There have been numerous psychological models of subpersonalities developed since the dawn of psychotherapy. Psychosynthesis (Assagioli), Transactional Analysis (Berne), Gestalt Therapy (Perls), Transpersonal psychology (Wilber), and Voice Dialogue (Rowan and Rowan) are well-known examples. Today’s prevailing model for treating conflicted subpersonalities is Richard Schwartz’s Internal Family Systems (IFS), a model embodying an extensive catalogue of subpersonalities. Treatments that focus on repairing and/or improving the relationships between divided people and/or divided subpersonalities fall into the realm of healing.
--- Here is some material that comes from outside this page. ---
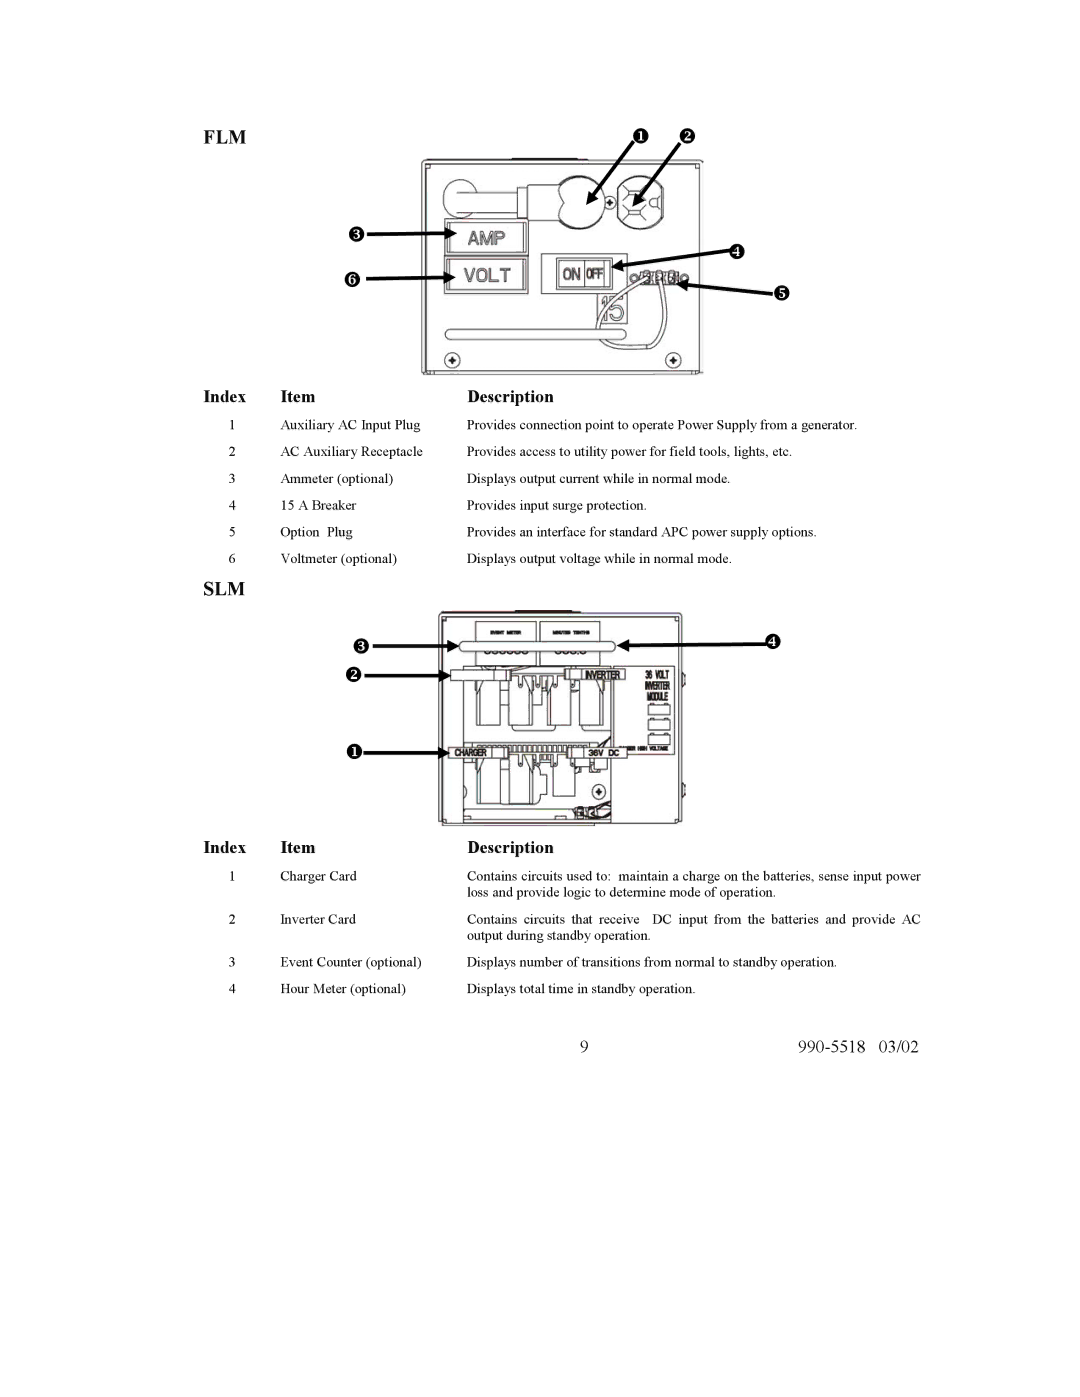 American Power Conversion CTSLP/G user manual Flm 
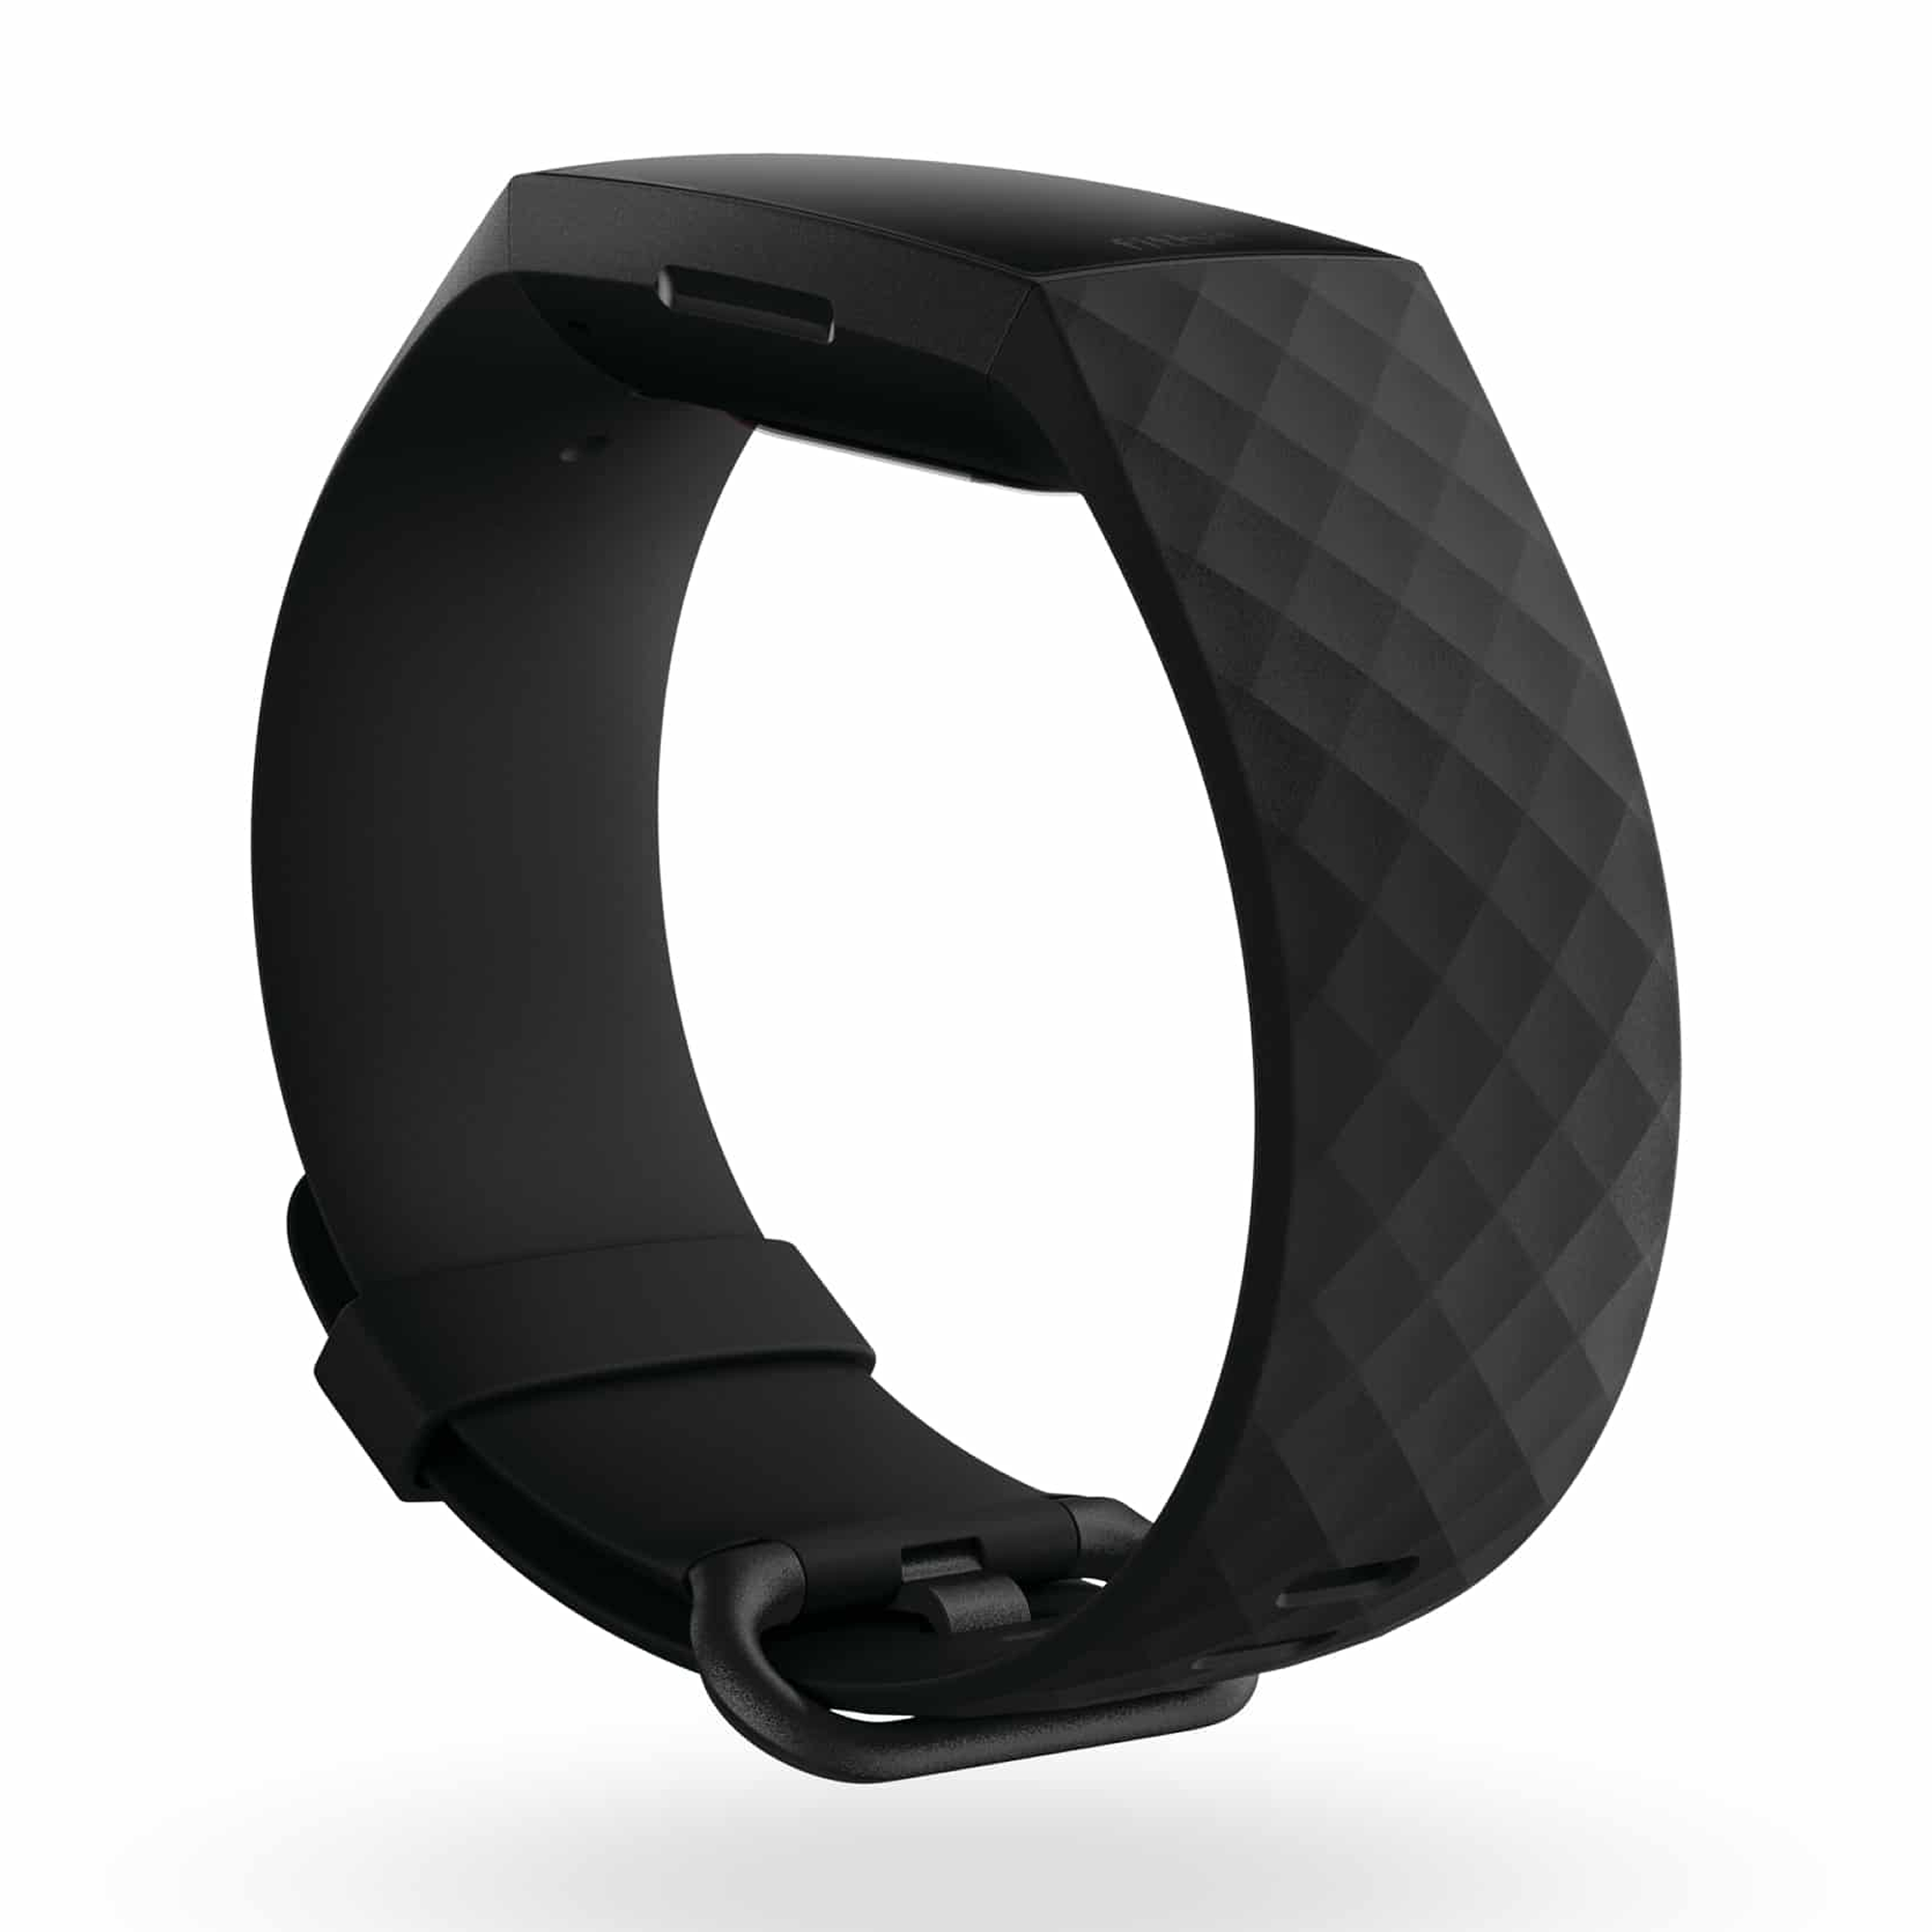 Tracker Fitbit Charge 4 FB417BKBK-EU bundle

The American Psychological Association, arbiter of mainstream (i.e. Western) psychology, requires empirical evidence in order to confer legitimacy to treatment interventions. The problem is, how does one gather empirical (objective) evidence of damaged relationships between invisible subpersonalities? Because we lack the means to do so, we are prevented from discussing the potential for healing. It’s not as though psychologists lack the ability to heal the psychological dysfunctions created by relationship conflict, it’s merely that we can’t identify an empirical foundation for doing so.
It is deeply problematic that psychology has failed to recognize the need for a model for healing the human mind. Doing so would not replace our current model for curing mental illness. Rather, a model of healing would complement and expand our paradigm for understanding and improving mental health.
The nature of the mind is too complex and vast to assume it can all be understood using the lamppost of empirical science. While it remains critical for science to guide and support our treatment interventions, it is equally important that science not prevent us from developing the healing treatments that real people require. Psychology must therefore evolve in order to accommodate the vital need.